Its a real benefit for that in Vienna at least 1/3 of all citizens dont possess a car.


----------



## eusebius (Jan 5, 2004)

Cars cost a load, think of all the health care, the insurances and the manufacturing. Consider the fatalities, the noise, the pollution and the mental degradation (selfishness, impatience etc) that car drivers go through. Cycling is probably most efficient though in some countries even cycle paths can be pretty expensive to construct. But the effect on health issues is very positive.


----------



## elfabyanos (Jun 18, 2006)

Thats a good point - dealing with accidents is very costly indeed! A quick search and I found this document http://www.fiafoundation.com/resources/documents/490746264__global_road_safety_factfile.doc
with data from WHO World Bank TRL and ECMT. Here is an extract:


The global financial cost of road traffic injuries is US$ 518 billion each year. 

The cost to low and middle income countries is US$ 65 billion, more than all incoming development aid. 

Road traffic injuries (RTI) cost the USA US$ 230 billion a year (2.3% of GNP) 

The cost to the EU 15 is €180 billion a year, twice the annual EU budget.

RTIs cost South Africa US$ 2 billion in 2000. 

In Uganda the cost is around US$ 101 billion a year (2.3% GNP) 

In China in 1999 RTIs cost US$ 12.5 billion, almost four times the annual health budget. 

In the Middle East the cost of accidents is estimated at US$ 7.4 billion, or 1.5% of GNP.

A website http://www.cfit.gov.uk/docs/2004/railsafety/railsafety/index.htm in the uk discussing implementation of a railway safety system: "Over a 25-year appraisal period, TPWS is expected to save 38 lives, at an average cost of £15.4m per life." There are about 3000 deaths per year in the uk due to accidents, so using their figure thats £46bn, or about $80bn.

Check this out aswell http://www.transwatch.co.uk/transport-fact-sheet-10.htm.


----------



## Yardmaster (Jun 1, 2004)

chris1491 said:


> one mile travelled with PT is about 4 times more expensive than distance travelled with your own transportation (automobile).
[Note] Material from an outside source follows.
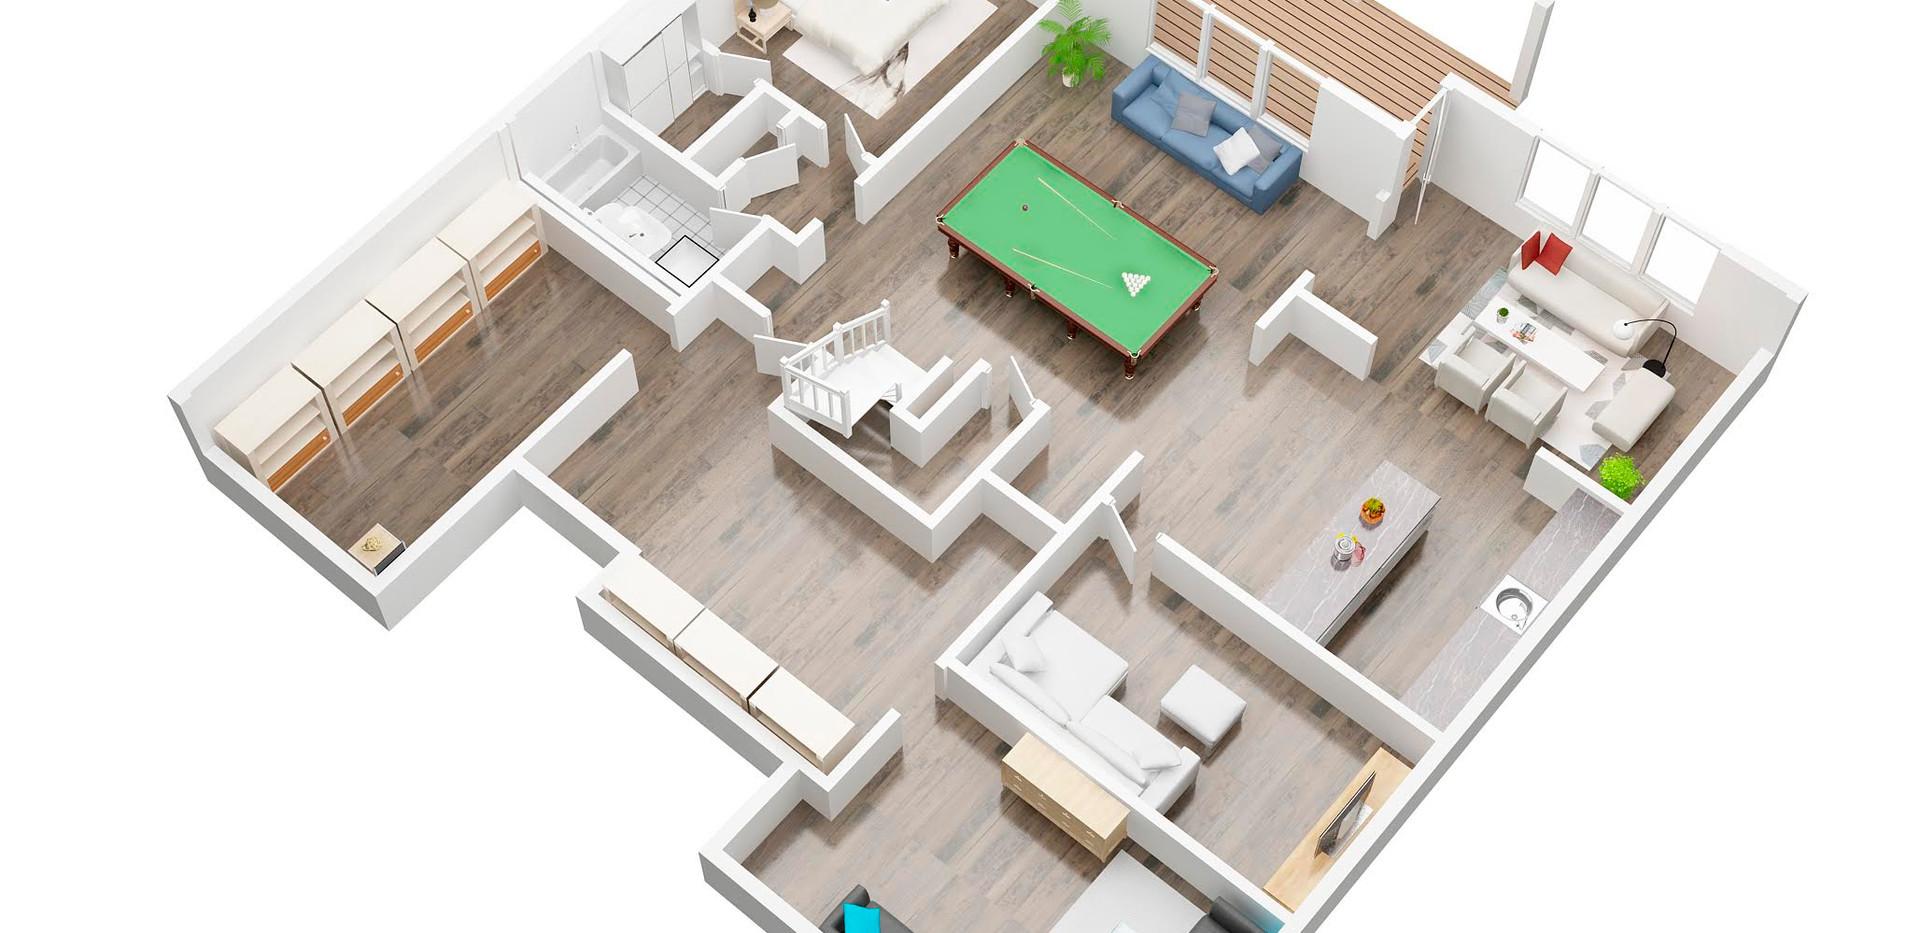 Leapfrogsales_basement_3D  floor plan
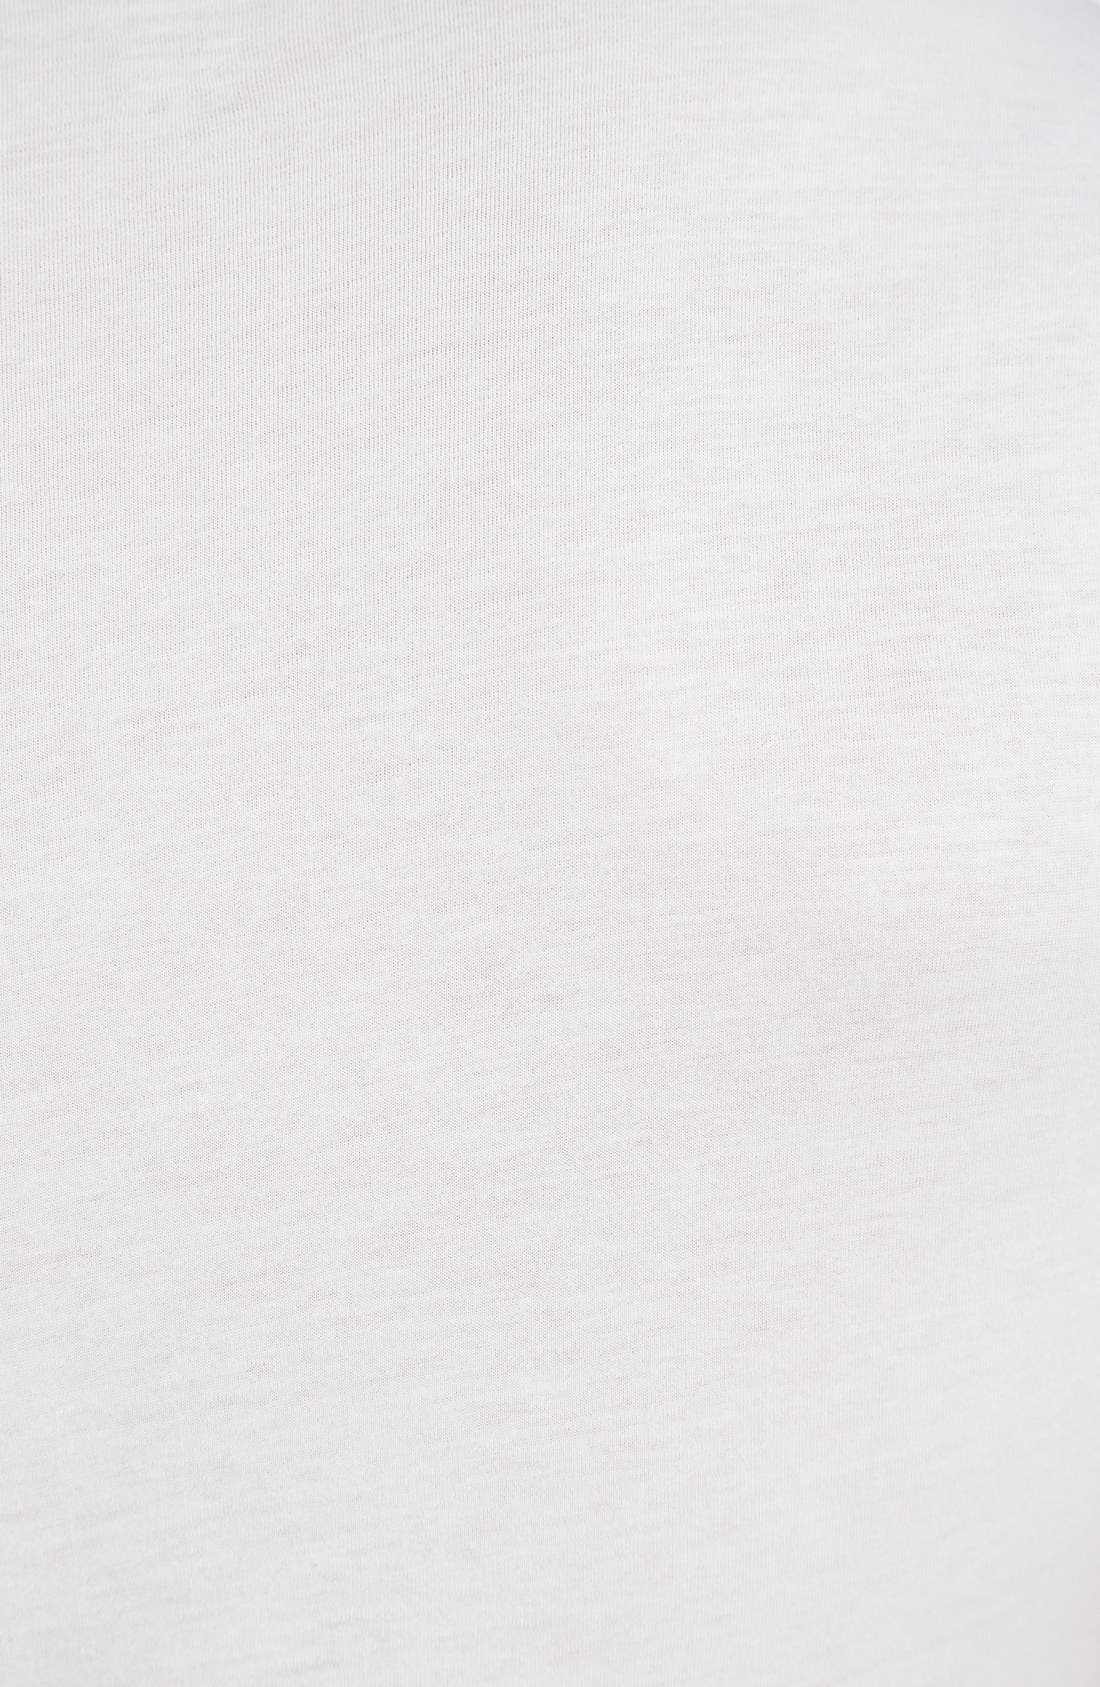 Slim Fit Pima Cotton Deep V-Neck T-Shirt,                             Alternate thumbnail 3, color,                             WHITE

I'd like to see some references quoted.

It's hard to see how carting around close to a tonne of metal - just for yourself- occupying (in a safe situation) about 80 sq metres of roadway, and requiring something similar to park your car whenever you leave it could be considered energy-efficient.

No doubt people will quibble with my statistics. Cars have gotten lighter here, but typically there's still one one person inside them when they're driven to and from work. I once read that L.A. was one third tarmac (roadway etc.) ... not sure if that's still the case, but it partially accounts for it's lack of urban density. It also accounts for the notorious smog ... we have that problem here too, even those who don't own a car. Just lately people have been succesfully suing tobacco companies for kidding them they wouldn't get cancer ... think about that. I wonder how much pollution I generate when I take the train to the city. Or the bush.


----------



## adrimm (Dec 17, 2006)

I believe that one of the most cost-effective mass-public transport systems are the dedicated busway systems such as that in Bogota Colombia, and Curitiba Brazil. The infrastructure is more affordable than fixed surface rail, and the system is flexible in that it is easy to replace the buses at the end of their live, and move them to different routes within the system. That said, cities like London and New York are showing that with good bones and maintenance, the life of subsurface system can span hundreds of years.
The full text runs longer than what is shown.